Reputation: 486
I have a short project where I push a number of messages (~1000) and then I try to process them on a single thread, but I still receive duplicates.
Is this a desired behavior of PubSub?
this is the code to create a subscriber
ExecutorProvider executorProvider =
InstantiatingExecutorProvider.newBuilder().setExecutorThreadCount(1).build();
// create subscriber
subscriber = Subscriber.newBuilder(subscriptionName, messageReceiver).setExecutorProvider(executorProvider).build();
subscriber.startAsync();
Here is the demo: https://github.com/andonescu/play-pubsub
I've pushed 1000 messages, each process took 300 milliseconds (delay added intentionally) then ack() was called. The ack time on subscription is 10. Based on all these I should not receive duplicate messages, but I've received more than 10% of those sent.

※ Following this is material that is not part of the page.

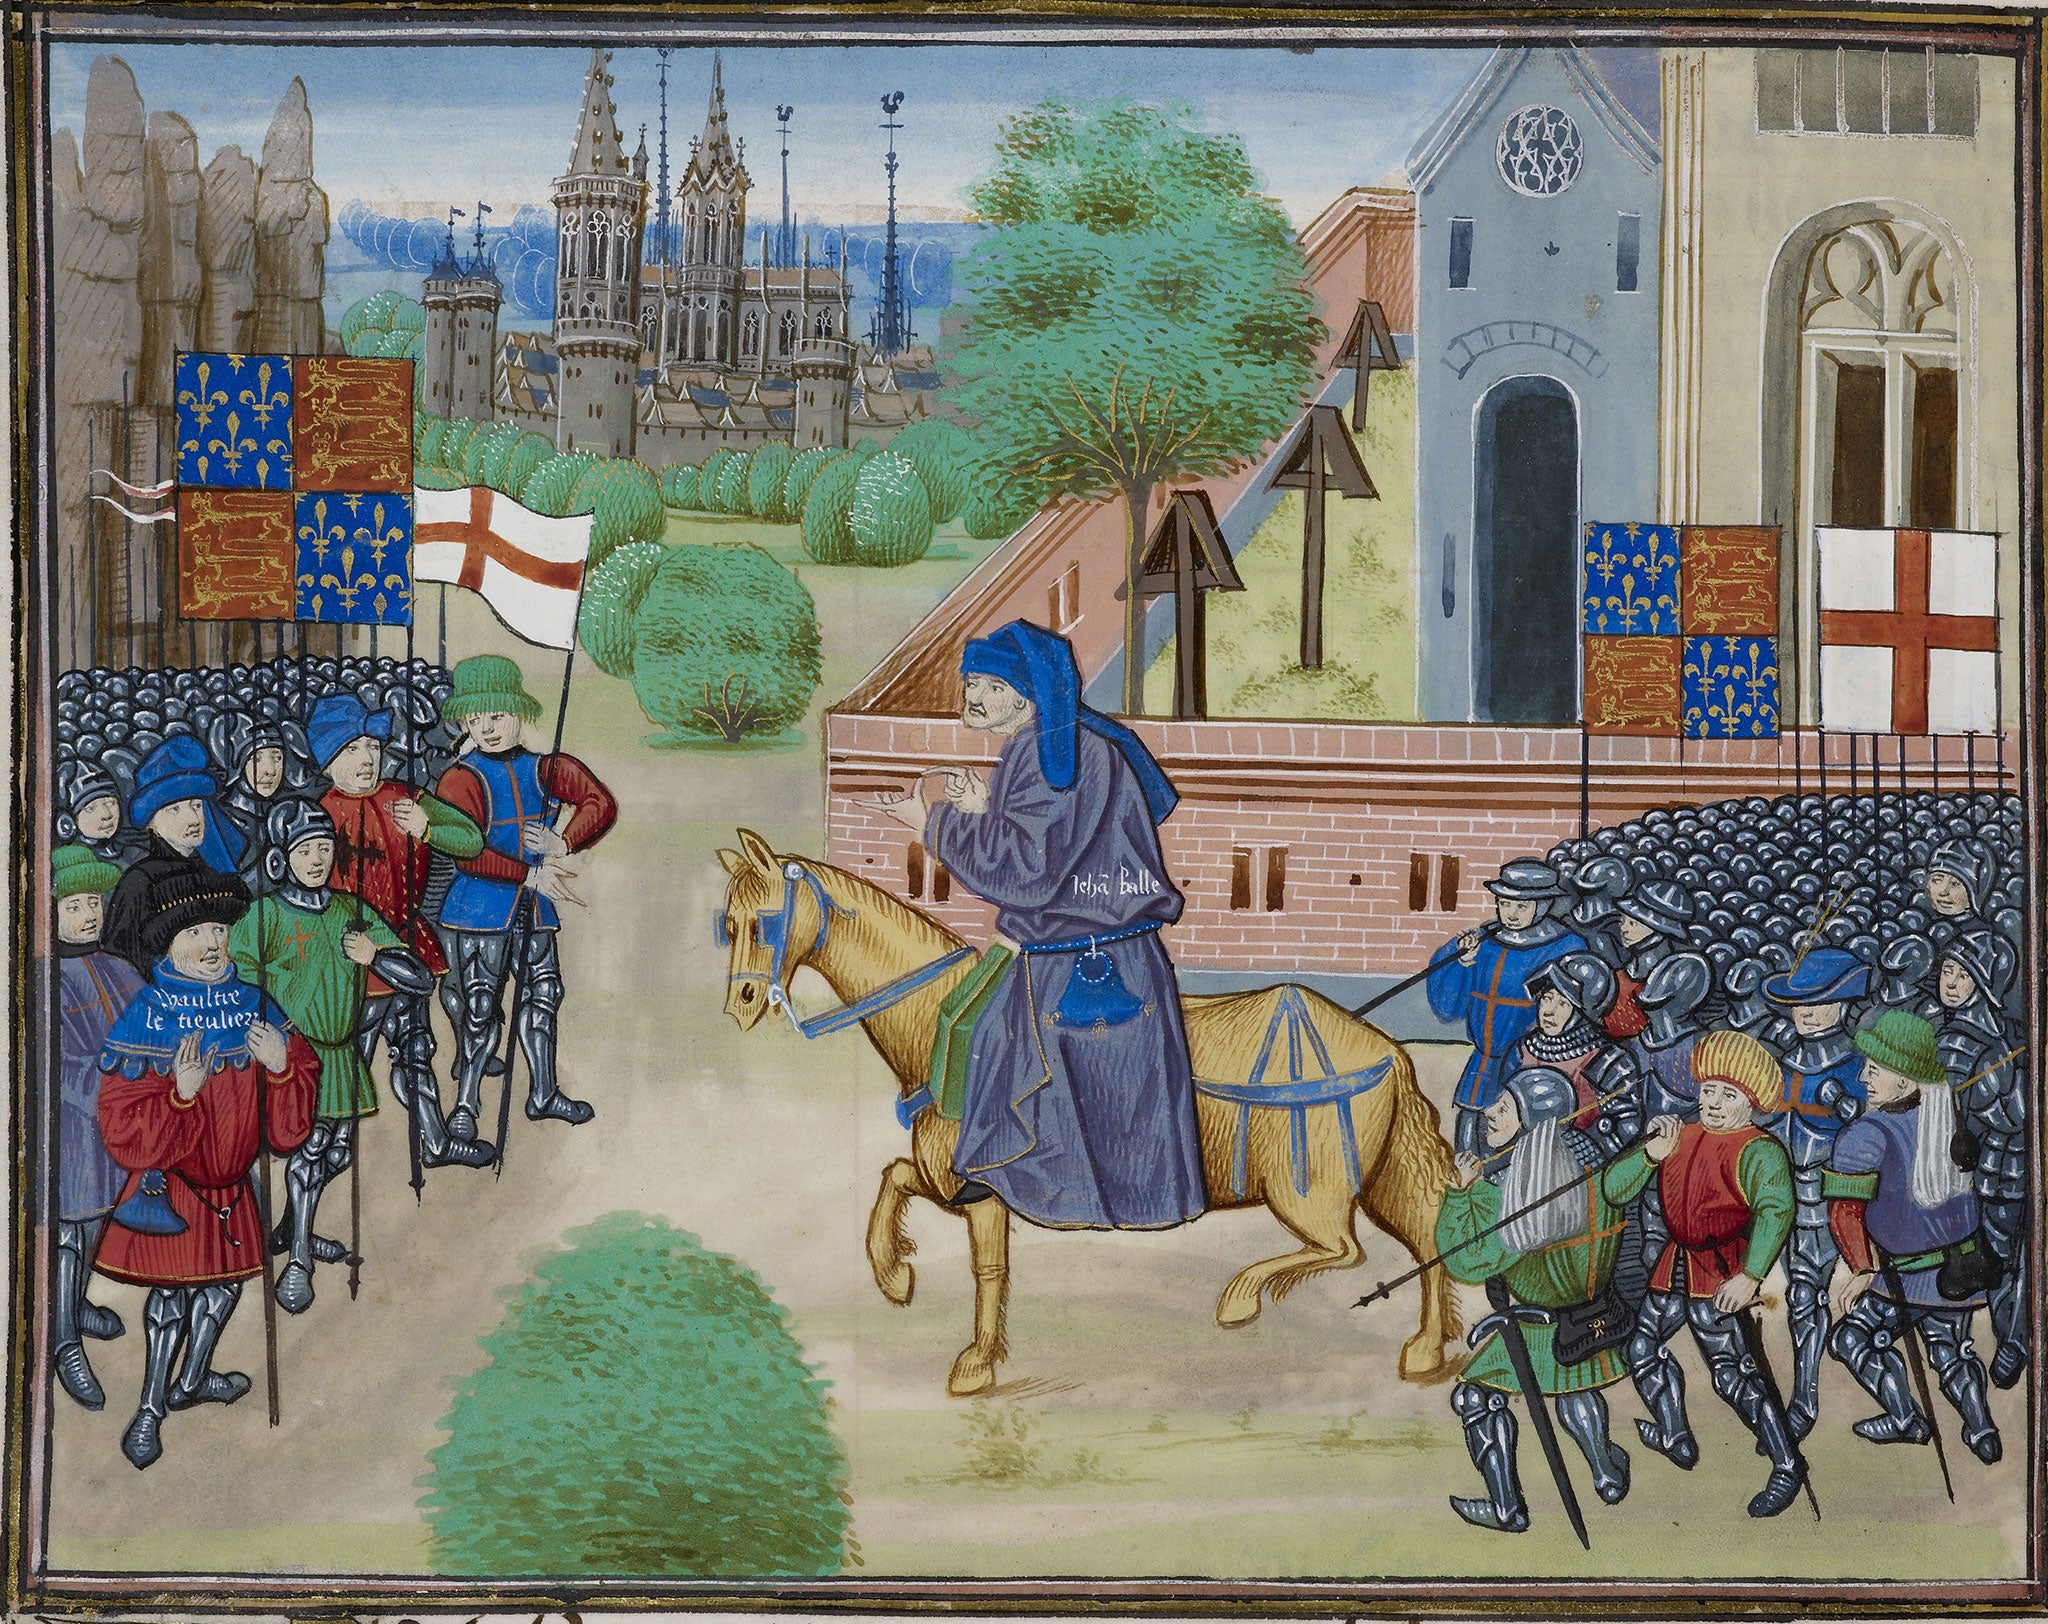 Power to the people: John Balle is credited as being the architect of the uprising in 1381
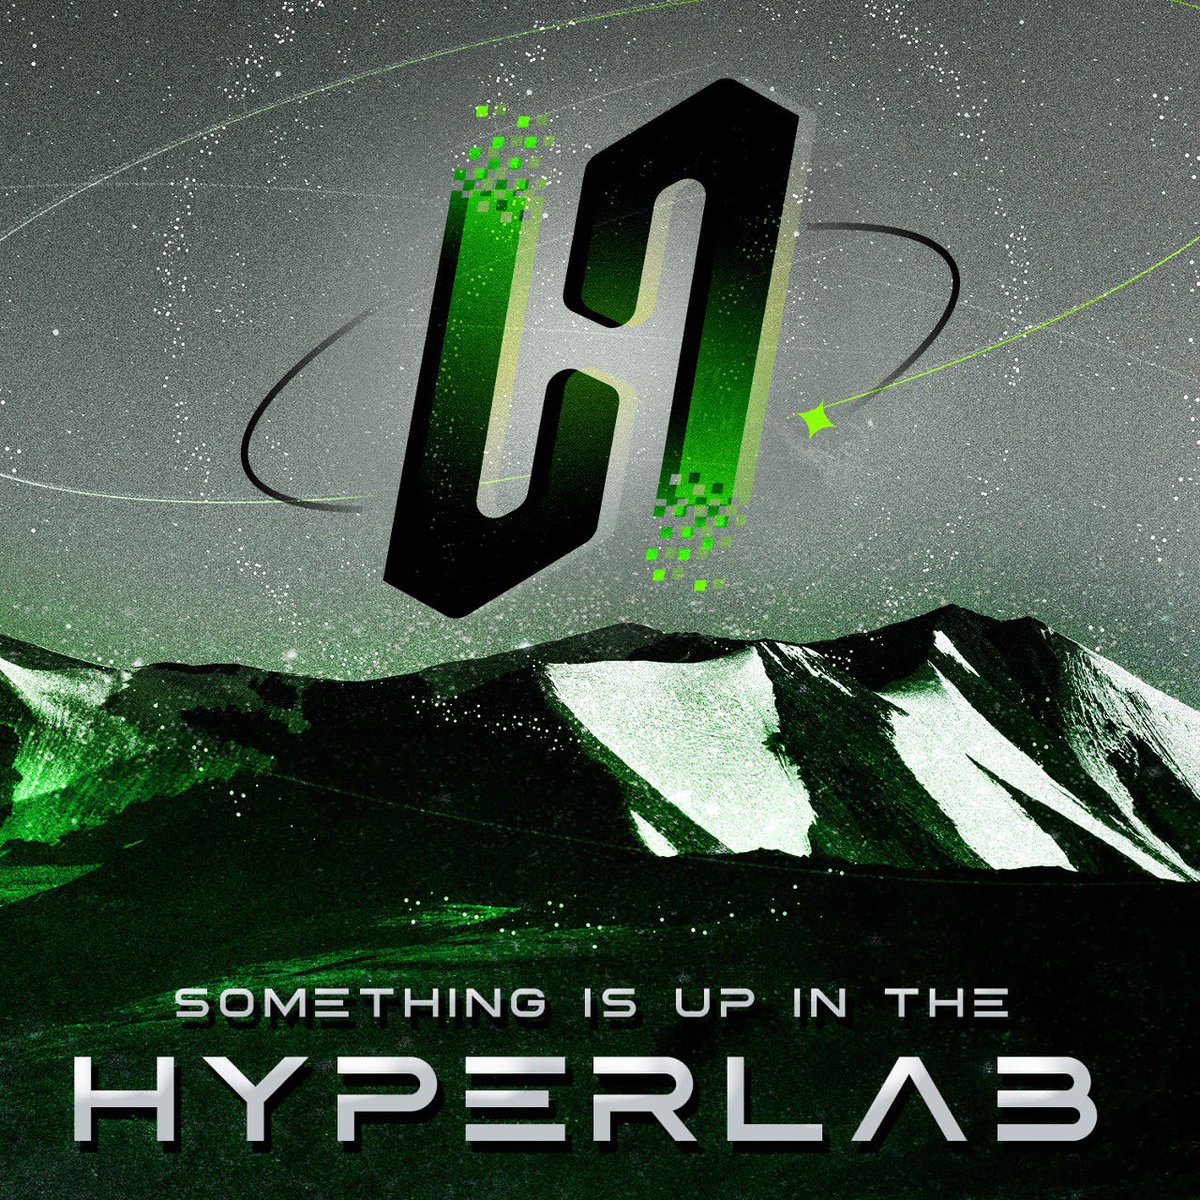 Something is up in the HyperLab...🧑‍🔬👩‍🔬 Could you smell it?👃 #hyperverse #hypercosmos #hyperlab #hypercommunity #metaverse #blockchain #crypto #defi #dao #eth #btc

here is the log: https://github.com/andonescu/play-pubsub/blob/master/reports/1000-messages-reader-status
I've added same question on https://github.com/GoogleCloudPlatform/pubsub/issues/182
Upvotes: 1
Views: 995
Reputation: 486
just looking very attentive through PubSub documentation and I've discovered the following part:
However, messages may sometimes be delivered out of order or more than once. In general, accommodating more-than-once delivery requires your subscriber to be idempotent when processing messages. You can achieve exactly once processing of Cloud Pub/Sub message streams using Cloud Dataflow PubsubIO. PubsubIO de-duplicates messages on custom message identifiers or those assigned by Cloud Pub/Sub.
https://cloud.google.com/pubsub/docs/subscriber#at-least-once-delivery
It seams that Cloud Dataflow PubsubIO
is the key in my case.
or use an UniqueId
and do the de-duplication in the client :)
Upvotes: 1